In many way’s I’m proud of the fact that most of the shots that make it to this series were in some way planned. But, that doesn’t stop me loving it when I get a totally expected shot because I happened to be in the right place at the right time with the right gear, and aware enough of my surroundings to realise that fact. That’s exactly what happened when I shot this week’s instalment.
- Camera: Nikon D40
- Lens: Nikon DX AFS 55-200mm
- Exposure: 1/200 sec
- Focal Length: 200mm
- Focal Ratio: f/5.6
- ISO: 200
- Camera Mode: Aperture Priority
- Exposure Bias: -0.7EV
- Processing: Used the Dodge & Burn plugin in Aperture to lighten the bird a little to help it stand out from the background.
Jul
19
Photo of the Week 74 – Commuter Reflections
Filed Under Photography on July 19, 2009 | Leave a Comment
This week’s photo of the week came close to being binned. It really didn’t look like much before tonemapping, and even then, it’s technically imperfect. ‘Pixel Peepers’ would be horrified by the noise down in the bowls of this image, they’d also notice that the focus on the nose of the train is a little soft.
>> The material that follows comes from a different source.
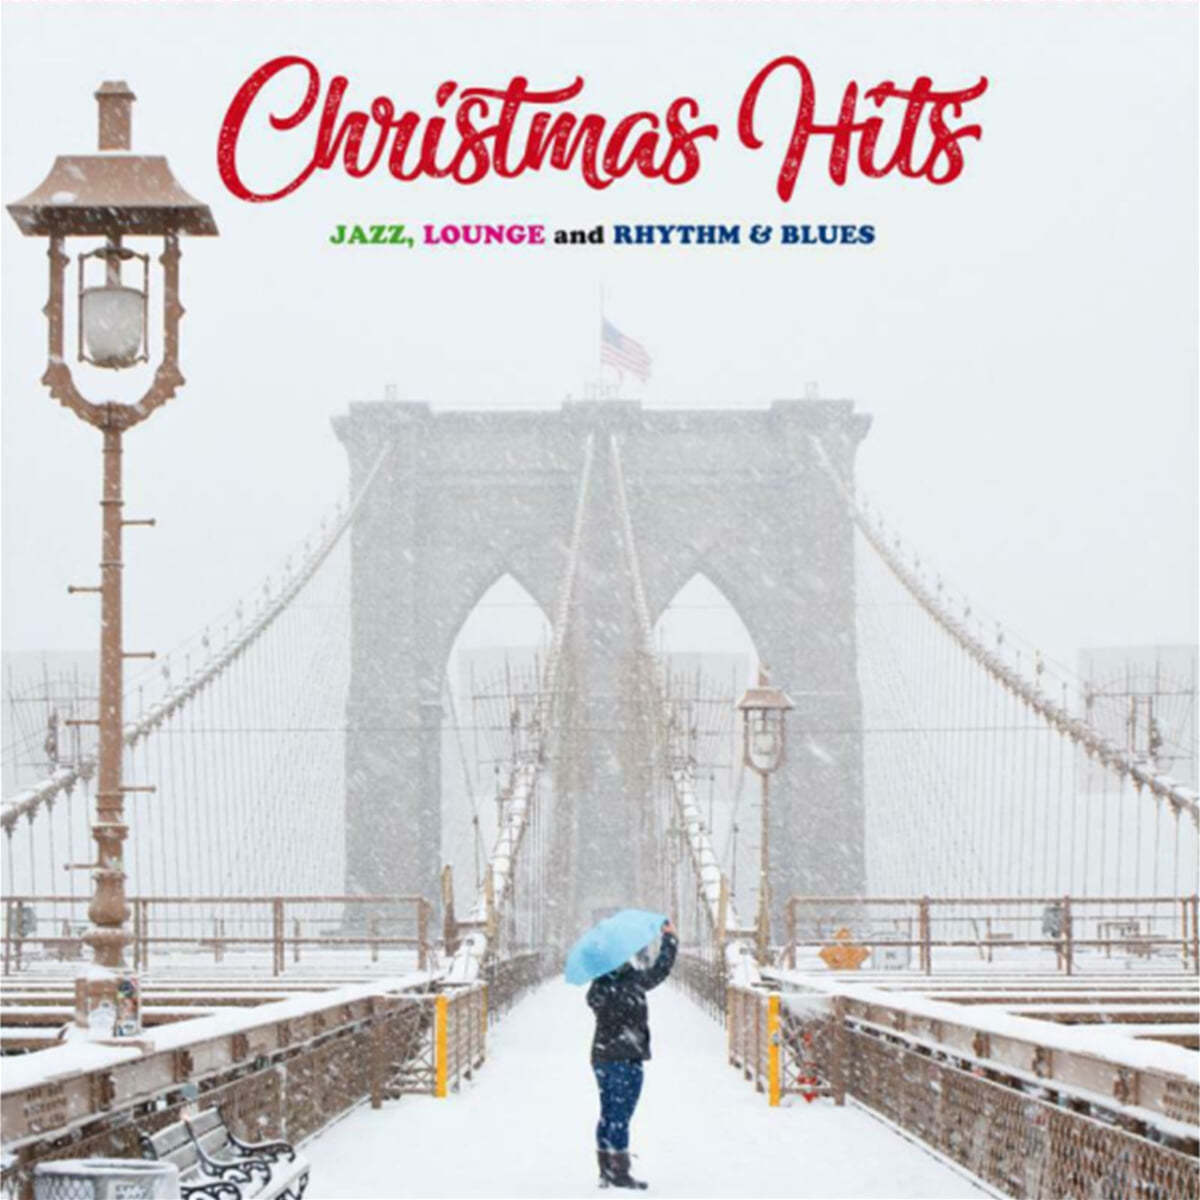 크리스마스 히트곡 모음집 - 재즈, 라운지 뮤직, 리듬 앤 블루스 (Christmas Hits: Jazz Lounge &amp; Rhythm &amp; Blues) [화이트 컬러 LP]

Also, anyone can see that the motion blur is not as strong as it could be, and indeed, probably should be. Even after tonemapping, cropping, and quite a few tweaks in Aperture, I initially gave this image a low rating, three out of five to be precise. But, each time I scanned back through the project, the image kept jumping out at me. It kept grabbing my eye. First I increased it to 4 stars. Then, recently, 5 – my threshold for consideration for Photo of the Week.
I’ve spent a lot of time looking at the image to figure out why it kept catching my eye. I’ve figured out at least some of the things I like about it. The most obvious one being, it has a train in it! I also love reflections, so that’s a definite second reason. I also love the soft evening light, it really makes for great photos, but in this case it took tonemapping to bring out that wonderful light. Finally, I’ve always had a thing for panoramic crops.
- Camera: Nikon D40
- Lens: Nikon DX AFS 18-55mm (D40 kit lens)
- Exposure: 1/50 sec
- Focal Length: 18mm
- Focal Ratio: f/18
- ISO: 400
- Camera Mode: Shutter Priority
- Processing: Generated by tonemapping a single RAW file in Photomatix Pro.